Angolan politician (born 1968)

Sílvia Paula Valentim Lutucuta (born 14 July 1968) is an Angolan politician and cardiologist, the Minister of Health from 2017.

== Early life and education ==
Lutucuta was born in Huambo in 1967. At the age of 16, he entered the Faculty of Medicine of Agostinho Neto University. She completed her degree in 1990, and graduated with honors. She was offered a scholarship for postgraduate studies. She specialized in cardiology at Hospital de Santa Maria, Lisbon, Portugal. In 2000 she moved to Houston in Texas where she undertook postdoctoral research at Baylor College of Medicine.
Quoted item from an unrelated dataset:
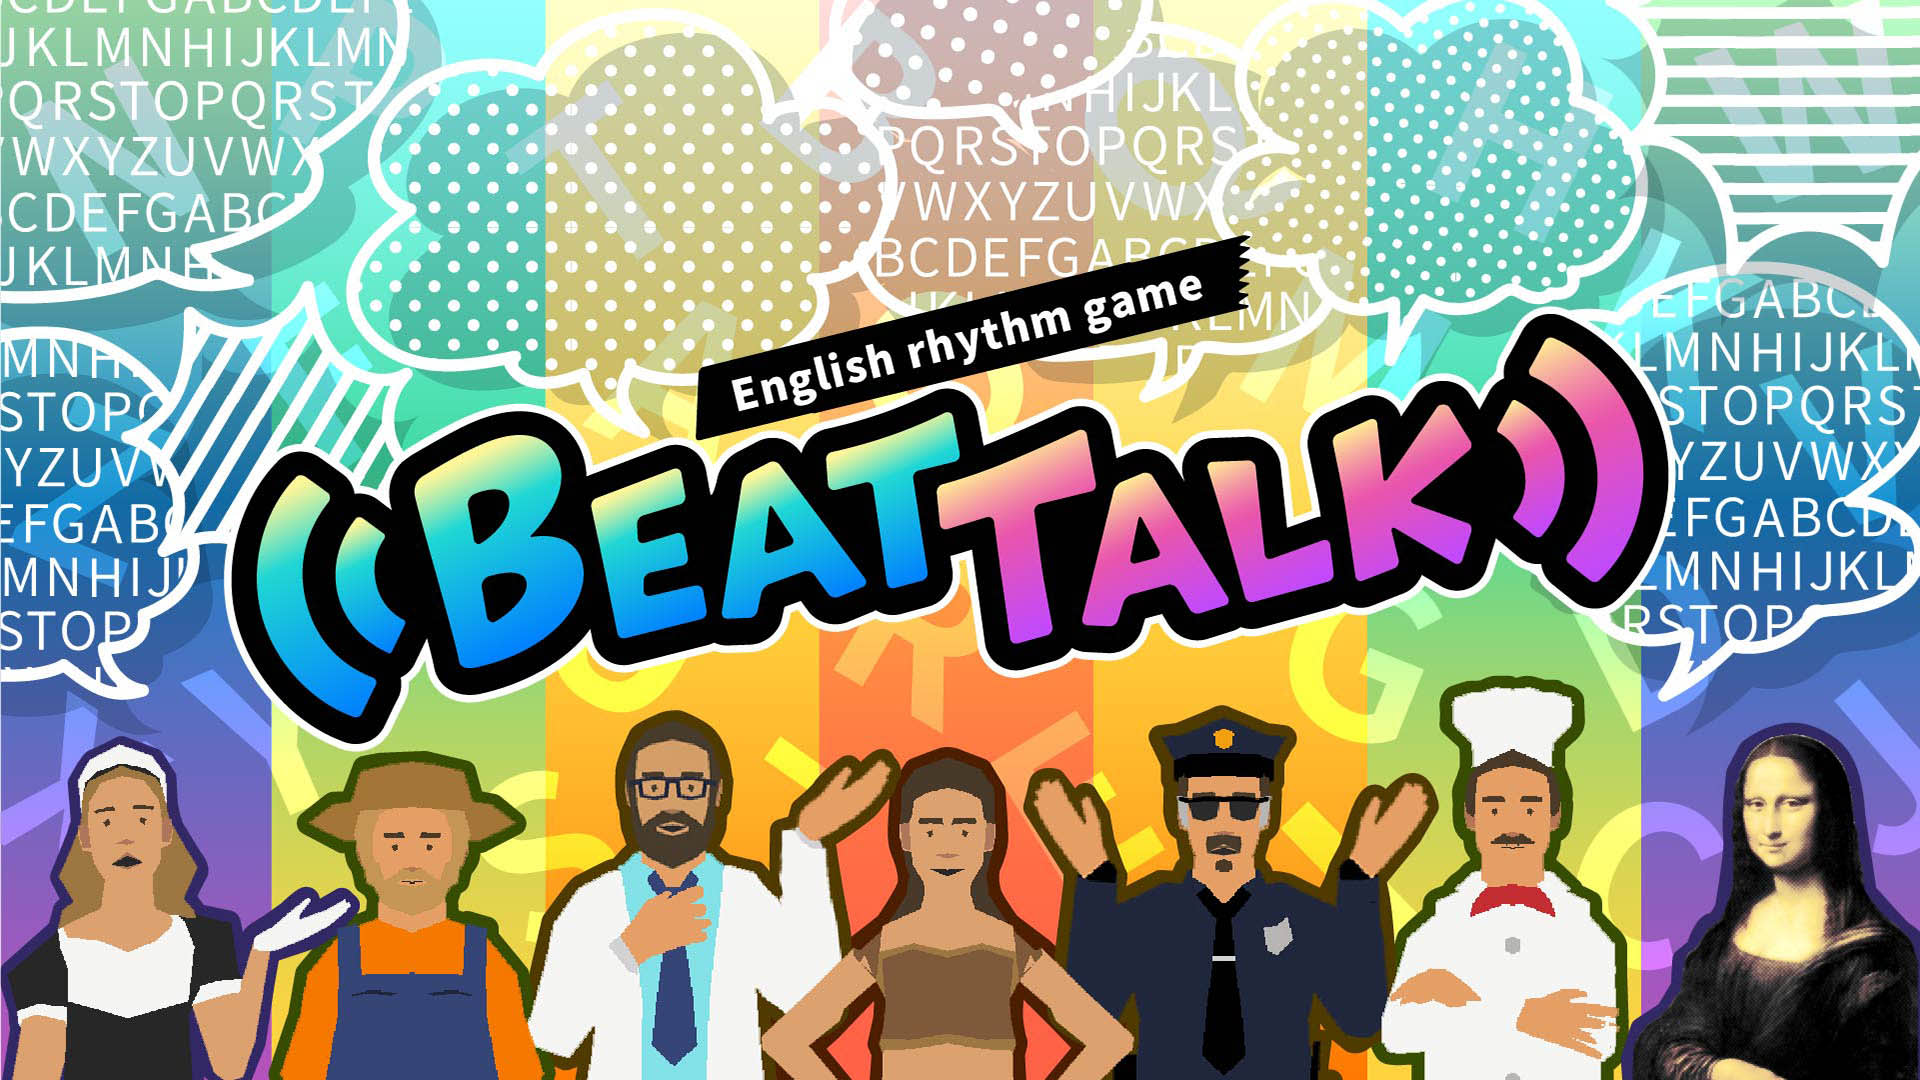 English rhythm game BeatTalk
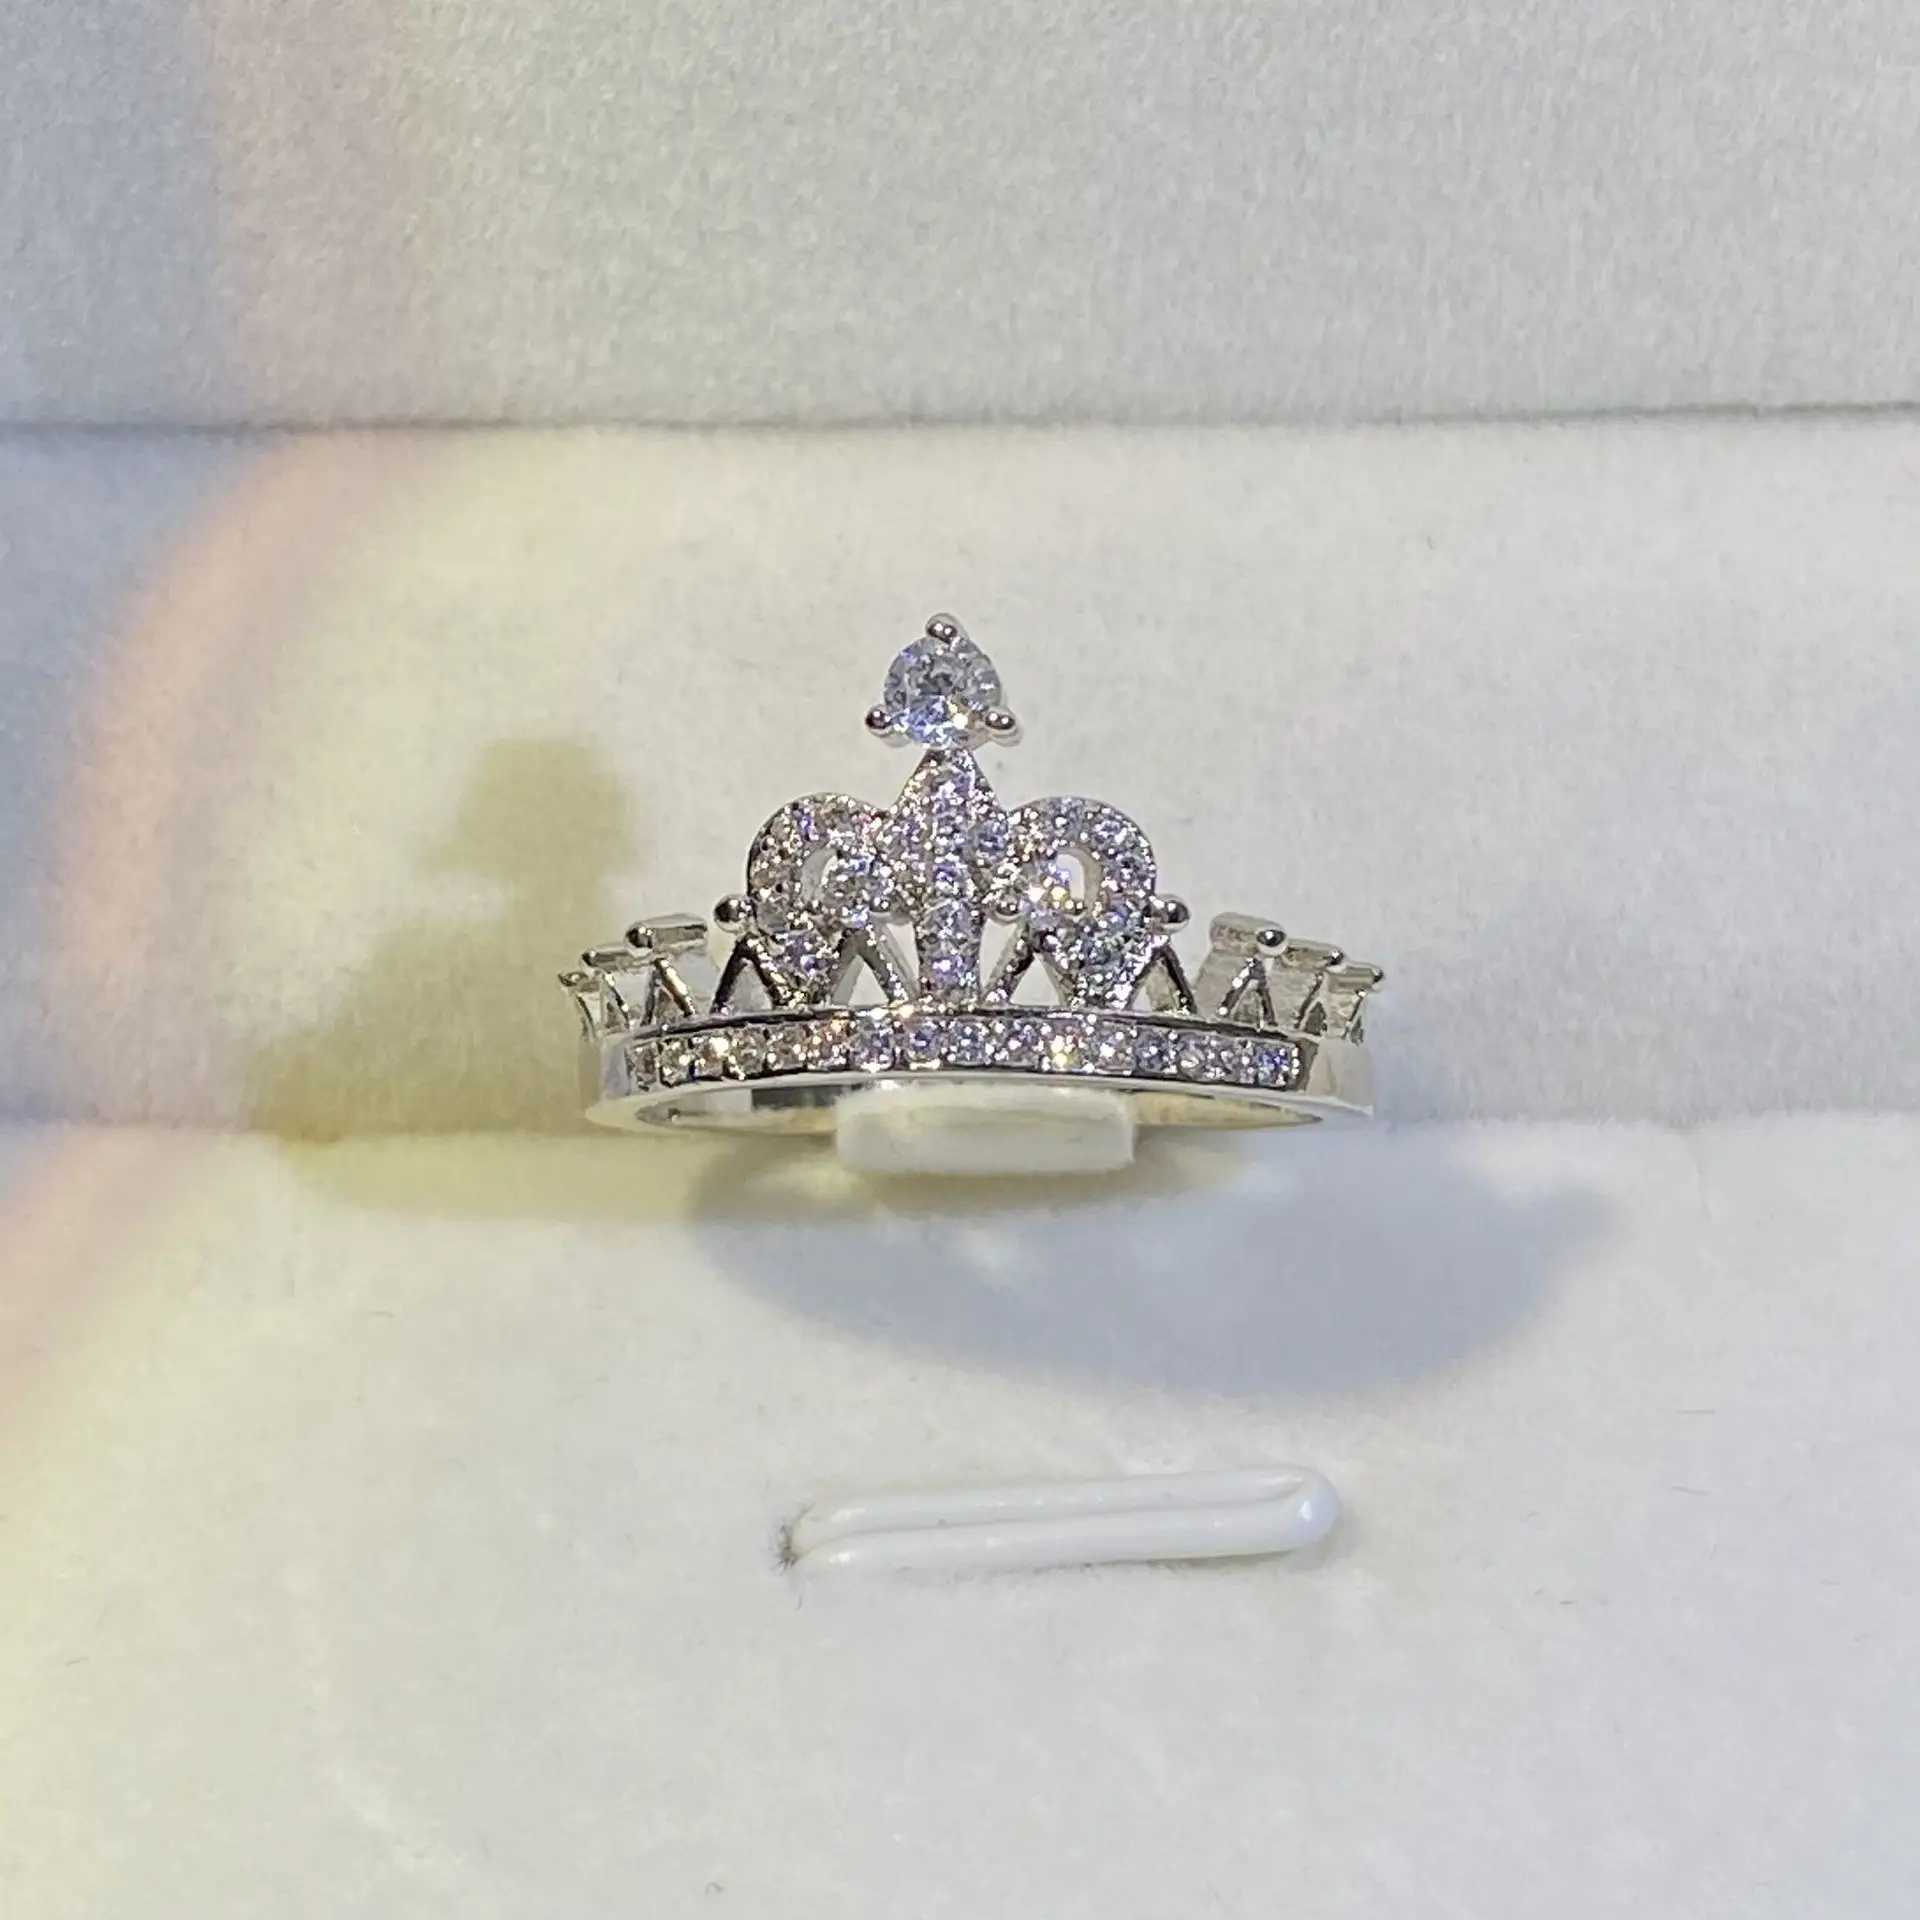 Pierścień Solitaire Bling romantyczna księżniczka korona cyrkonia biały złoty pierścionek żeńska parą zaręczynową biżuterię mody prezent D240419

Lutacuta joined the Angolan Society of Cardiovascular Diseases. She is a member of the Member of the MPLA Political Bureau. In 2017 she was nominated to be the Minister of Health in Angola. She has created thousands of new jobs, especially in rural layers. Under her leadership vaccines for COVID-19 were rolled out in her country and she organised the funding.

In 2025 she was able to announce that over 900,000 people in Angola were going to be vaccinated against cholera using the oral vaccine Eurovisol. The ministry had about 1,000 teams backed up by volunteers. The epicentre of the outbreak was in Cacuaco and that was where the campaign was announced. People would be vaccinated in Luanda, Bengo and Icolo provinces. The speed of the response was welcomed by the UN Resident Coordinator in Angola, Dr Zahira Virani and Luís Nunes, Governor of the Province of Luanda. By July, a million people had been vaccinated in Cabinda, Kwanza Sul, Huíla, Lunda Norte, Namibe and Zaire with only babies under one year excluded. Lutacuta backed plans to get two million people vaccinated.